La fusión de desilusión y carpe diem en el amor son los temas por los que gravita “Here Today”, ya que Asher escribe una letra que invita a no pensar en el mañana, en asumir el riesgo de amar pese a que todo puede acabar de un momento a otro. El contrabajo presente en la canción junto a dos trombones hacen de esta canción una especie de desfile musical que se completa con un órgano dinámica.

“I Just Wasn’t Made for These Times” es de esas canciones que en temática se adelantaron a su tiempo. Narrada desde el punto de vista de alguien que no pertenece a su tiempo, que no encuentra motivaciones ni nada que lo haga sentir dentro de la época en la que nació y acompañada por un electro theremin (que aquí hace las veces de coros finales), la atmósfera transmitida asemeja a lo que vendría en la década siguiente con temas de ciencia ficción (como David Bowie con su Ziggy Stardust), así como el uso de elementos poco convencionales para dar otro enfoque al resultad.

Tras el segundo instrumental que le da título al álbum. Supone un auténtico cambio referente a lo que se venía proponiendo gracias a varias percusiones que le dan un sabor más latino, adornado por el sonido de latas de Coca Cola, piano y trompetas que hacen recordar un poco a Herb Alpert. Un respiro final y alegre previo a un final desesperanzado.

“Caroline No” es el tema más descorazonador de todo el disco ya que habla sobre el termino de una relación, los cambios que sufre la persona amada y sobre todo, la añoranza fallida por volver a ver lo que hizo que el amor empezará en primer lugar. Percusiones repetitivas, harpiscordio sereno y unos efectos de sonido que darían inspiración para que The Beatles pudiera armar futuros proyectos (entre ellos, Sgt. Pepper’s Lonely Hearts Club Band). El tramo instrumental final con la orquesta, resumen todo lo que se ha experimentado.
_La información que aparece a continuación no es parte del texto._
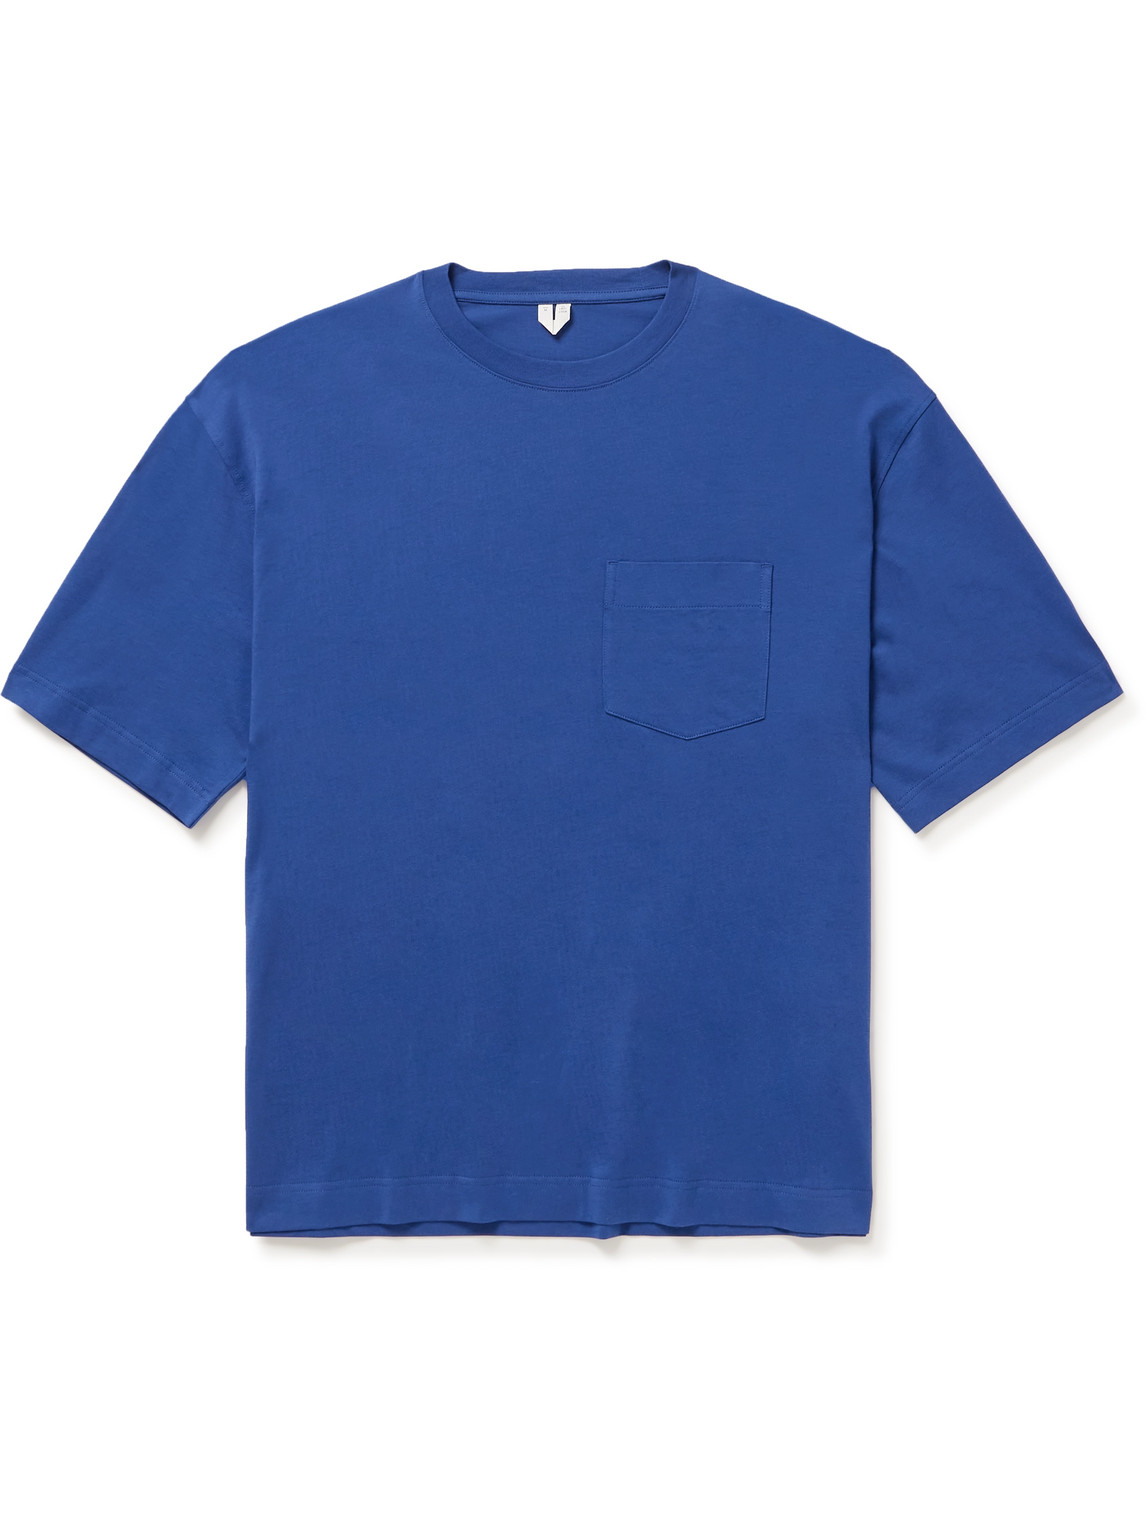 Arket Okar Organic Cotton-jersey T-shirt In Blue

UNA JOYA QUE BRILLA CADA VEZ MÁS

A más de 50 años de su publicación, Pet Sounds se ha constituido como un incuestionable pilar fundamental no solo del rock sino de la música. La experimentación, complejidad musical y letras que son un vaivén de emociones influyeron para lo que después vendría, generando una nueva forma de hacer música, componer, pero sobre todo, aprovechar los recursos posibles.

Brian Wilson se atrevió a salir de lo que tanto éxito había dado a sus Beach Boys para llevarlos a otro nivel, donde lo que hacían era vanguardista, consagratorio. Toda la música realizada a posterior conduce directa o indirectamente a este gran trabajo de estudio que sigue enamorando a cada nueva generación por su contenido universal.
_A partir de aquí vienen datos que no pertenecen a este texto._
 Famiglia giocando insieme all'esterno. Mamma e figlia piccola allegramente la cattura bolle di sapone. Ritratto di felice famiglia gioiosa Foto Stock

La complejidad compositiva y de ejecución de Pet Sounds es notable. Y no es de extrañar que, al volver de vacaciones, tanto los otros dos hermanos Wilson (Carl y Dennis), Al Jardine, Mike Love y Bruce Johnston (quién había entrado a la banda por la necesidad que había generado la ausencia de Brian en las presentaciones en vivo) se mostrarán sorprendidos, aún más nerviosos, dado que en directo era casi impensable que los 5 miembros que tocaban en el escenario pudieran replicar el resultado de 20 o más músicos. Al final y por respeto a su productor, cedieron para regalar al mundo una joya imperdible.